Because if you're doing something and thinking "This will probably make the person living next to me feel so bad that she is moved to ask me to stop," isn't the right response to refrain from doing that thing?

This might be unfair to Judy for a number of reasons. Probably the most important reason I might be shortchanging her is that, while I have asked her on several occasions to turn down her noise, I have never explained my disability or sensory issues to her. I have never told her that last year I was trapped in my room for four hours because loud music from the floor above messed with my brain so much that I couldn't remember how to get out. I have never explained to her that even a faint noise, even a constant noise, even a noise that she would easily tune out can make me feel like six kinds of shit. I've never told her that from my room I can hear the house fellow's baby crying and cars backing up and people taking showers and pulling paper towels from the paper towel dispenser, and layering her singing over all this -- at midnight, when I'm sick and exhausted and even more lacking in spoons than usual -- is just too much. I probably should tell her all this, and maybe I will, but at the same time I feel like I shouldn't have to.

Because this is a quiet hall and I chose to live on a quiet hall for a reason, and that reason is that in a quiet hall you are required to keep noise down to a level where it can't be heard in the hallway or other rooms. And you're required to comply with requests to turn down your noise.
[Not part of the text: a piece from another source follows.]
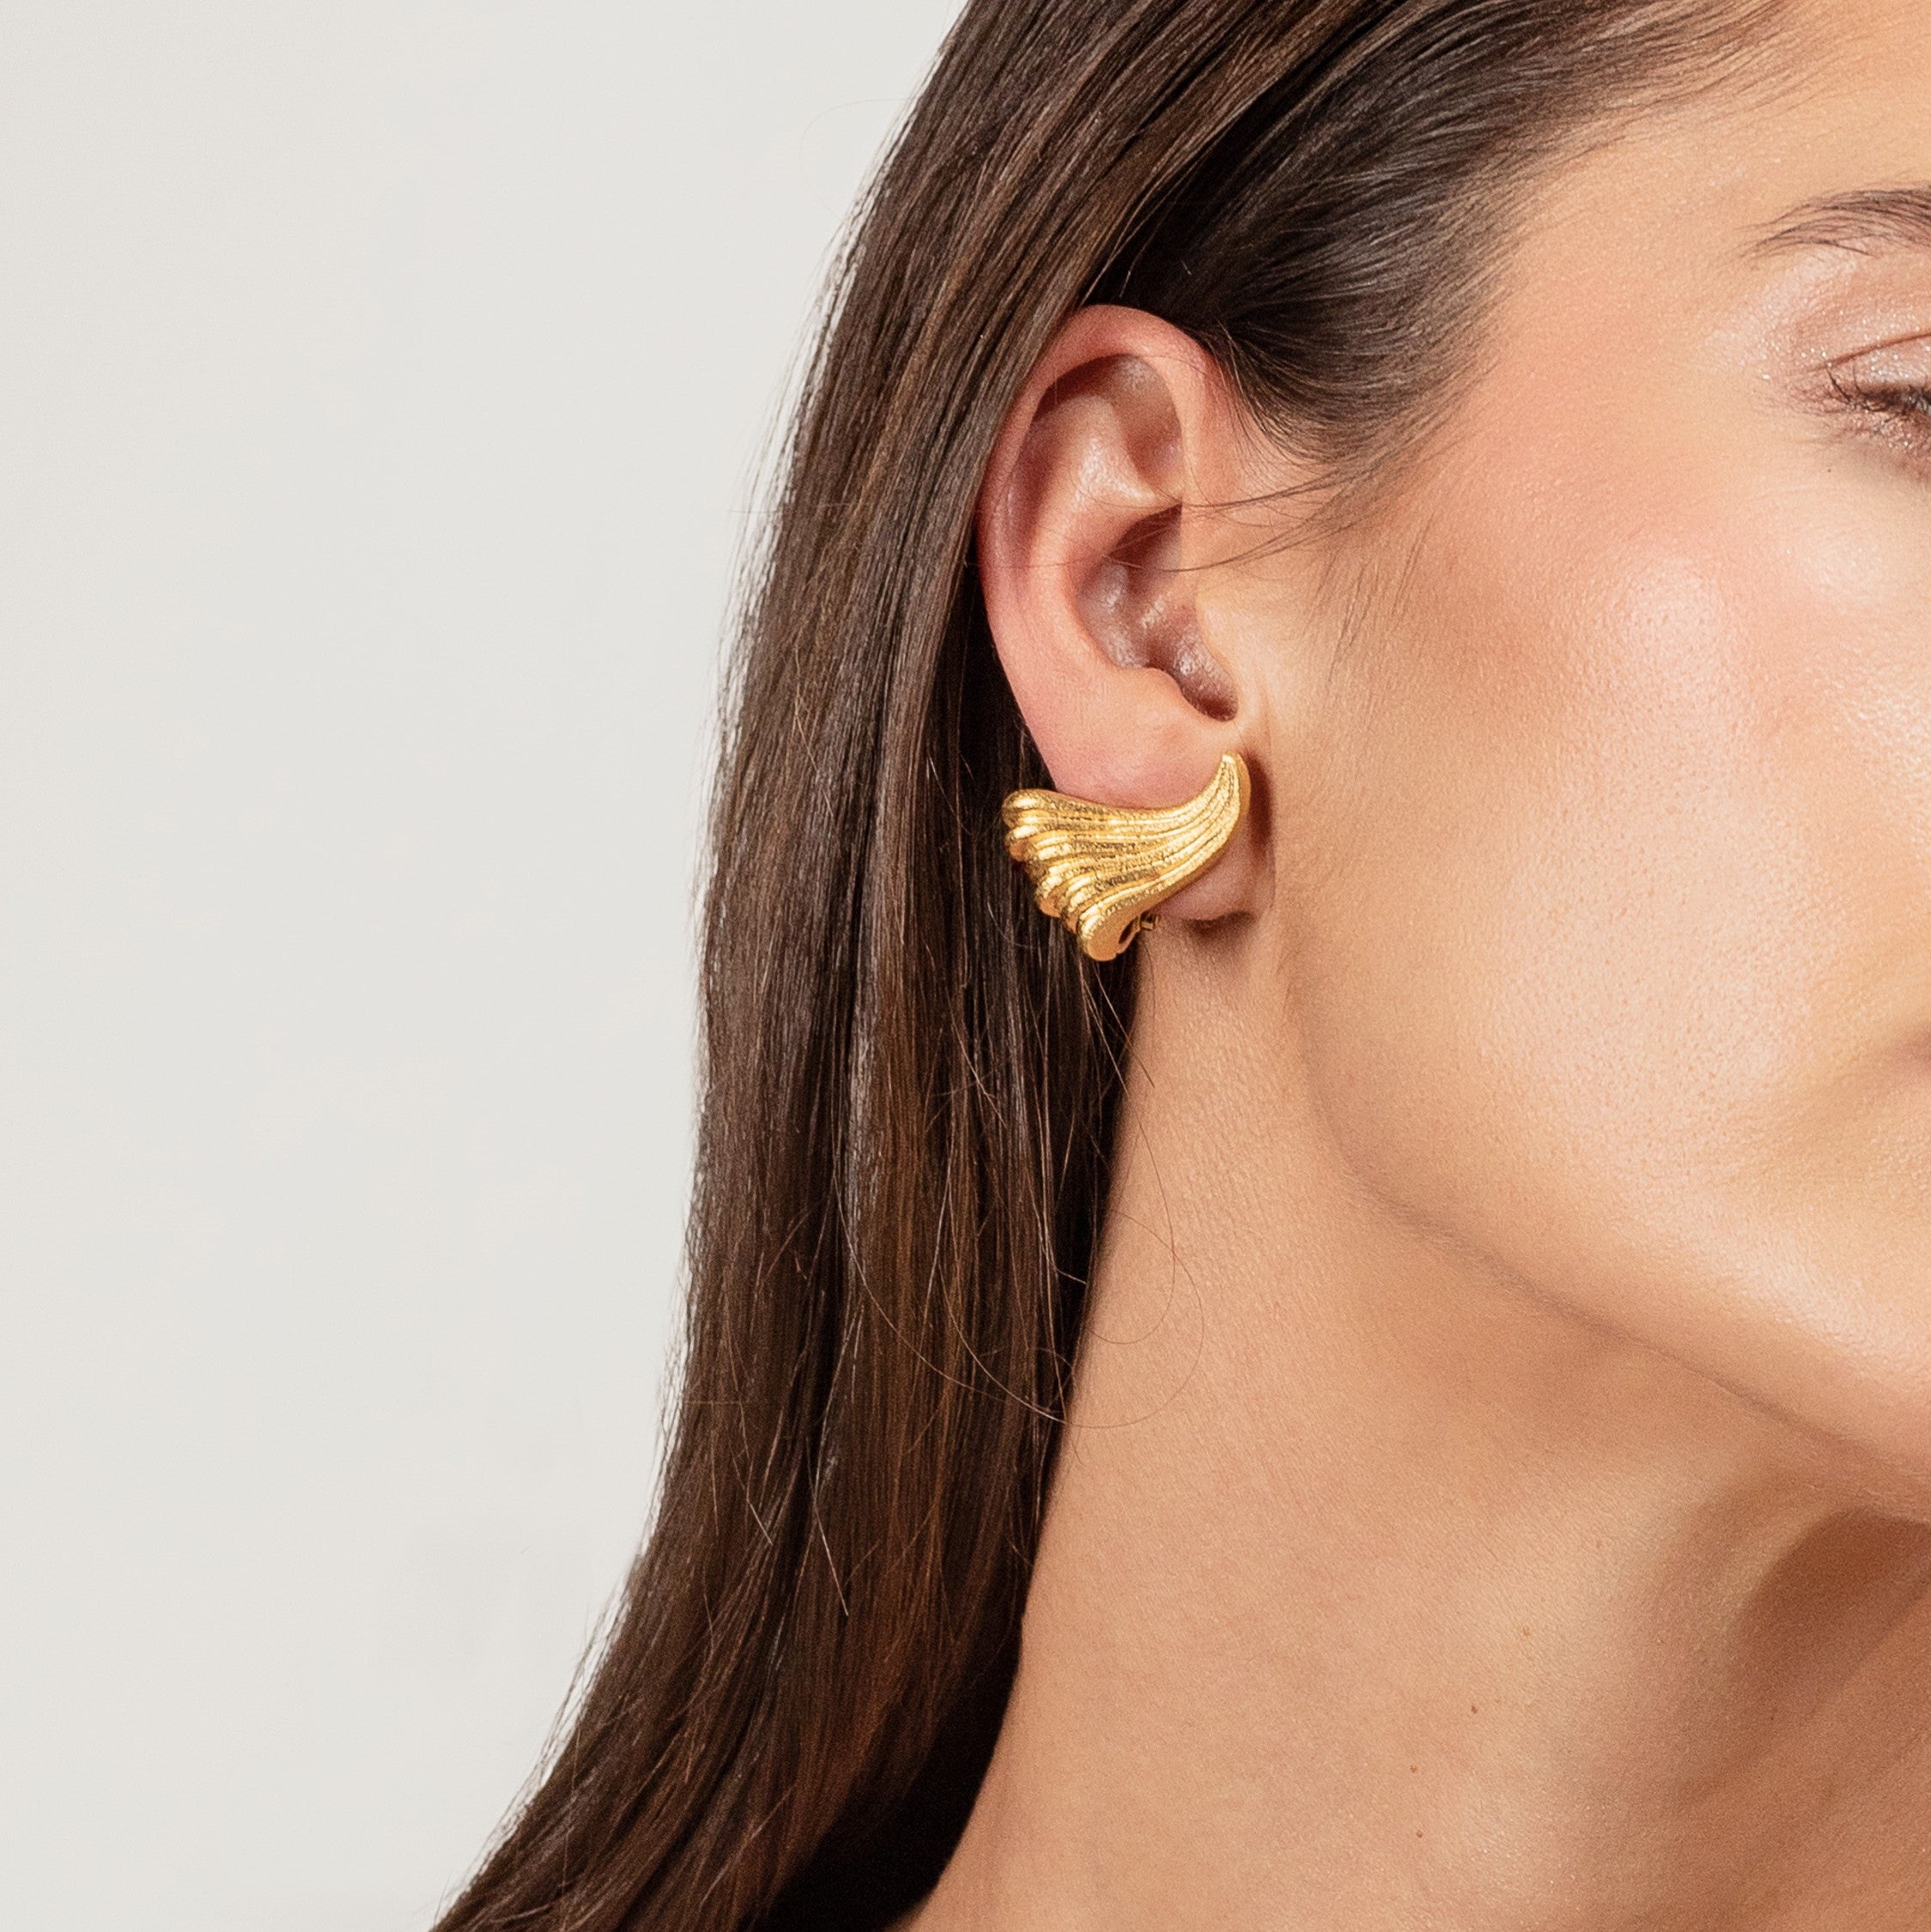  Vintage 18ct gold wave earrings worn on a woman’s ear.

I feel like people who want to be loud at all hours but still choose to live on quiet halls are like non-disabled people who use disabled parking spaces. They can live anywhere they fucking want; I can only live here.
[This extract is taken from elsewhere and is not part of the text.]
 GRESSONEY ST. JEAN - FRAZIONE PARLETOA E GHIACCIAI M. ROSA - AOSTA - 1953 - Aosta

Wednesday, February 2, 2011

Community: I don't think it means what you think it means

I've been noticing something that's been bothering me a lot, and that is the way the phrases "autism community" and "autistic community" are used.

I find that when these phrases are used, in all sorts of media, they tend to refer to parents, siblings, grandparents, friends, and lovers of autistic people, as well as doctors, therapists, behaviorists, staff, and other professionals who work with autistic people. Who is not likely to be consulted when some journalist or blogger needs the perspective of "the autism community"? Actual autistic people.

Guys, I think this is a problem.

For those of you who like analogies (and I really do), imagine if whenever someone used the phrase "the gay community," they were actually referring to PFLAG, a group for straight allies. That would be not so good, right? Because as lovely as PFLAG is, they are by definition mostly straight people (not that gay people can't be parents and friends of other gay people, but I don't think that's what PFLAG is for) and therefore not a good choice to be the voice of "the gay community."

But actually, the way the phrase "autistic community" gets used is even worse than that hypothetical situation. Because PFLAG is at least genuinely supportive of gay rights. On the other hand, a lot of the parent-and-professional groups that get referred to as "the autistic community" really want autism -- and therefore, autistic people -- to go away forever. In my opinion, this is not good community-building sentiment.

I think this is fairly self-explanatory: if you want a community to be eliminated from the planet, you are not part of that community. You are not even an ally. Hell, why would you want to be part of that community anyway? You obviously don't like us very much.

If you're reading this and wondering whether it really matters how people use the phrase "autism/autistic community," let me tell you what I believe the misuse of this phrase does.

It perpetuates the idea that autistic people as a group can't represent ourselves and need non-autistic people to speak for us. It centers the concerns of neurotypical people in discussions of autism, when really it is our needs, our concerns, our rights that should be prioritized. It means that there are people claiming the support of "the autistic community" for positions that a lot of autistic people find morally offensive. It's one of the tools people use to keep our voices from being heard. In other words, yes, it matters. This is really bad news.